As to the machine you outlined below, I was actually hoping to see such a box replace the Mac Pro this year. The technology is there to do so. Granted Intel has some interesting technologies up their sleeves that could make for a better box in 2013-2014. For example if they get their new 3D memory modules on line. In any event we could easily be talking another 12 month wait here and that would mean that very stable hardware will be in the hands of the competition for that period of time.
I really think Apple blew it big time with this screw up. At the very least they should have done something with the other desktop machines to demonstrate that they have a clue with respect to desktop user needs.

The timeframe of late 2013 makes me think this will be the big overhaul. While Ivy Bridge Xeons would be due at that point, I really don't think it would be wise of Intel to bother with Ivy Bridge Xeons. They have 22nm already so they might as well jump right to the Haswell architecture.
10-core/20-thread single CPU, 8" Cube design, 512GB SSD blade, 3x platter bays, fast GPU only upgradable from Apple using HSA architecture, 6x Thunderbolt ports 20Gbps each, 4x RAM slots (up to 64GB RAM), Thunderbolt daisy-chaining for compute sharing CPUs and GPUs.

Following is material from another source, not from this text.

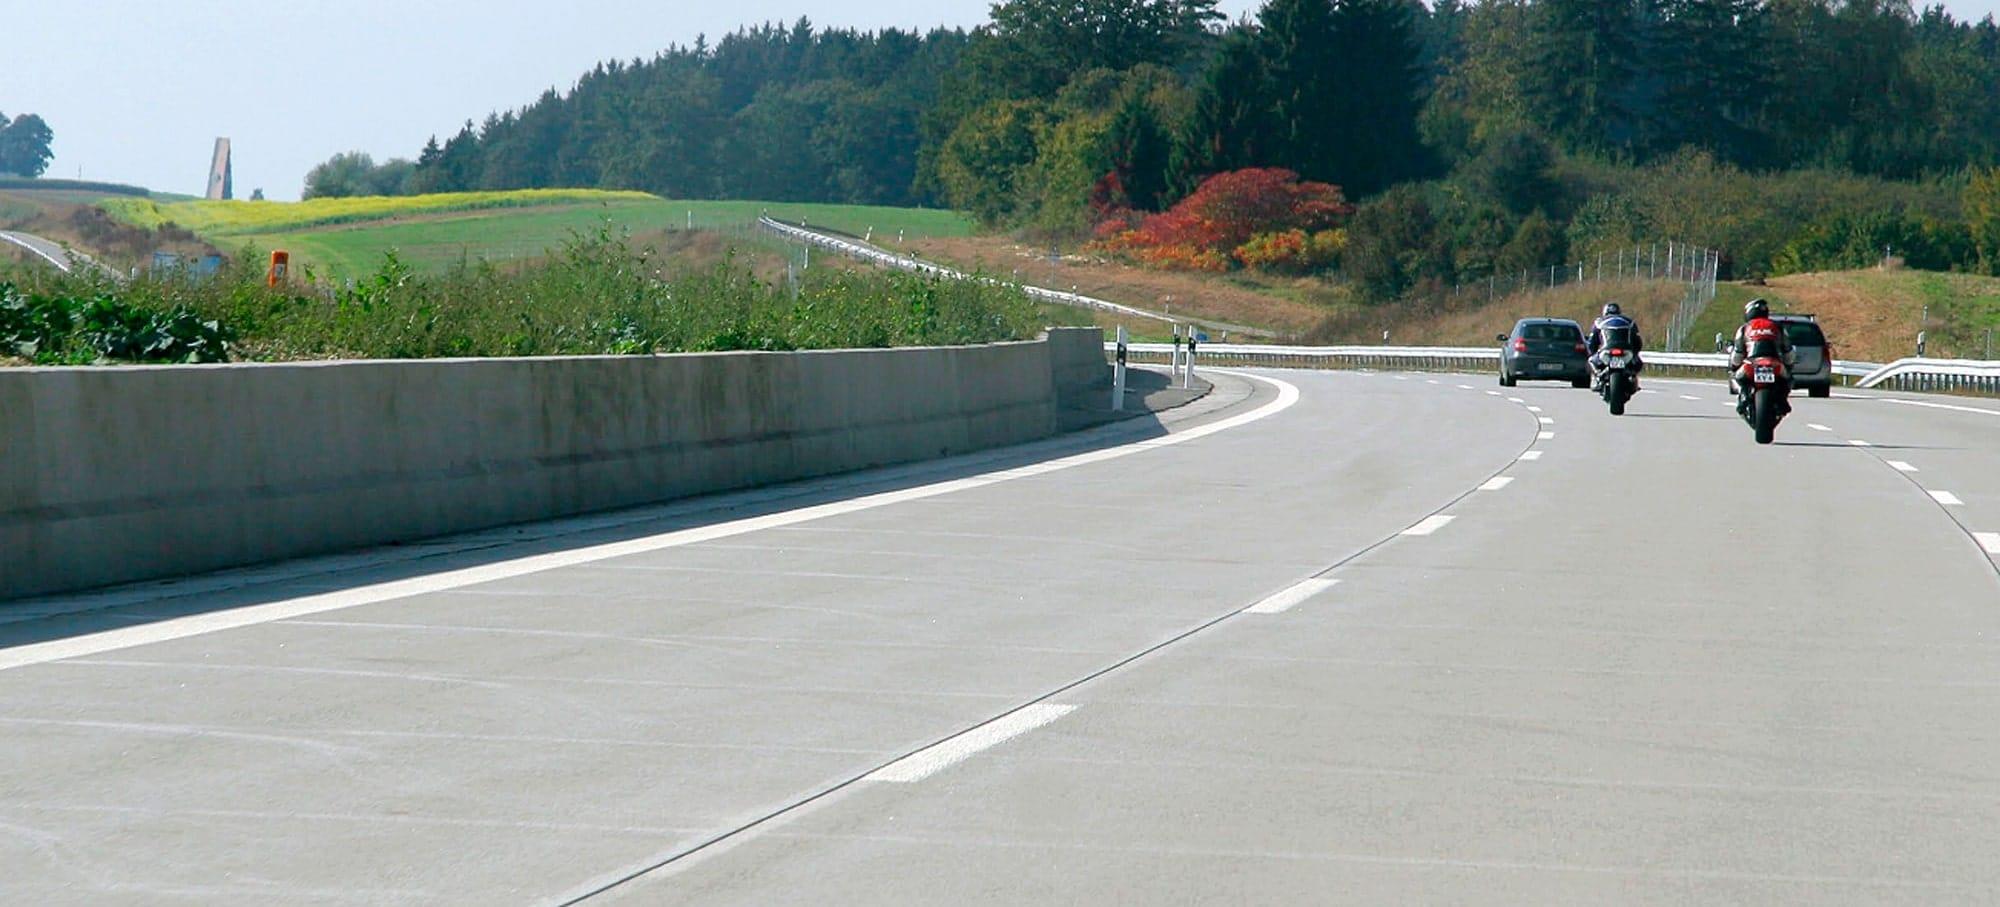 Rodovias europeias construídas com pavimento de concreto emitem bem menos CO₂ que as revestidas com asfalto Crédito: EUPAVE

No way they'd wait 3 years and build another giant box.
Your points are very valid. However the issue with the GPU is more complicated I'm actually expecting the next machines to have the GPU integrated right on the motherboard. It is the only way to move technology and performance foreword. We can only hope that the GU isn't to dated.
By the way form the software development standpoint having a fixed GPU for a specific model is a huge advantage. It means time spent on optimization is less likely to got to waste.

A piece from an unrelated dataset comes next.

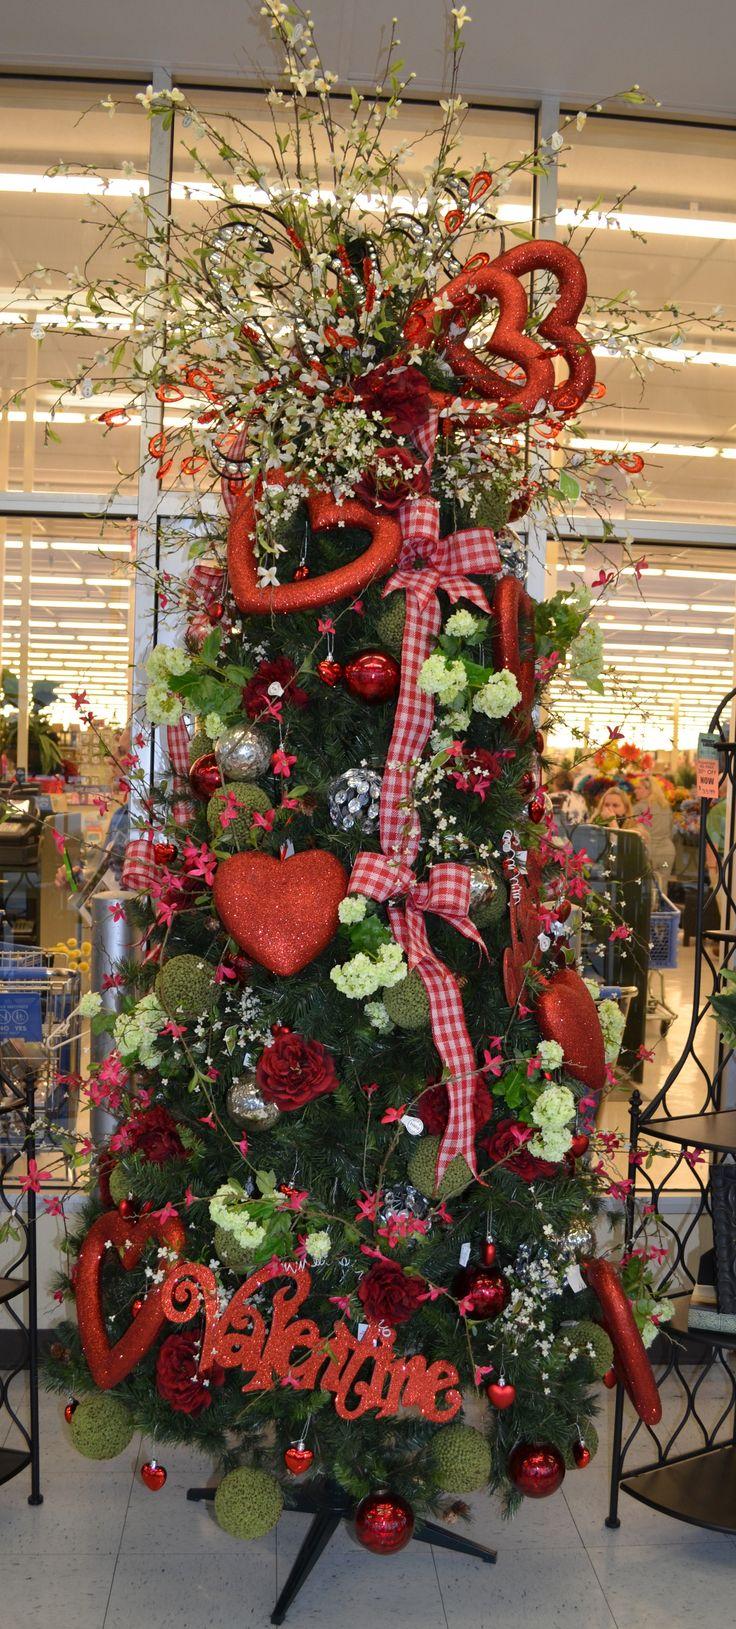 Valentine's Day Tree - Scrapbook.com

I am not sure why anyone cares at this point. The Mac Pro is two years old and Apple is asking their customers to wait another year? 
If you are running a business that uses Mac Pros and the professional software that goes along with it, it is time to start thinking about Windows. For all we know, Apple's new Mac Pro will be the hardware equivalent of FCP X. If history is any indication, we will still get a limited selection of GPUs and they will likely be out of date. We won't have a choice either, it will be whatever manufacturer Apple decides to go with, ATI or Nvidia.
And after the next one comes out, how long will the next hardware update take? 12 months? 18? 24? Why any professionals would invest in such a platform is beyond me.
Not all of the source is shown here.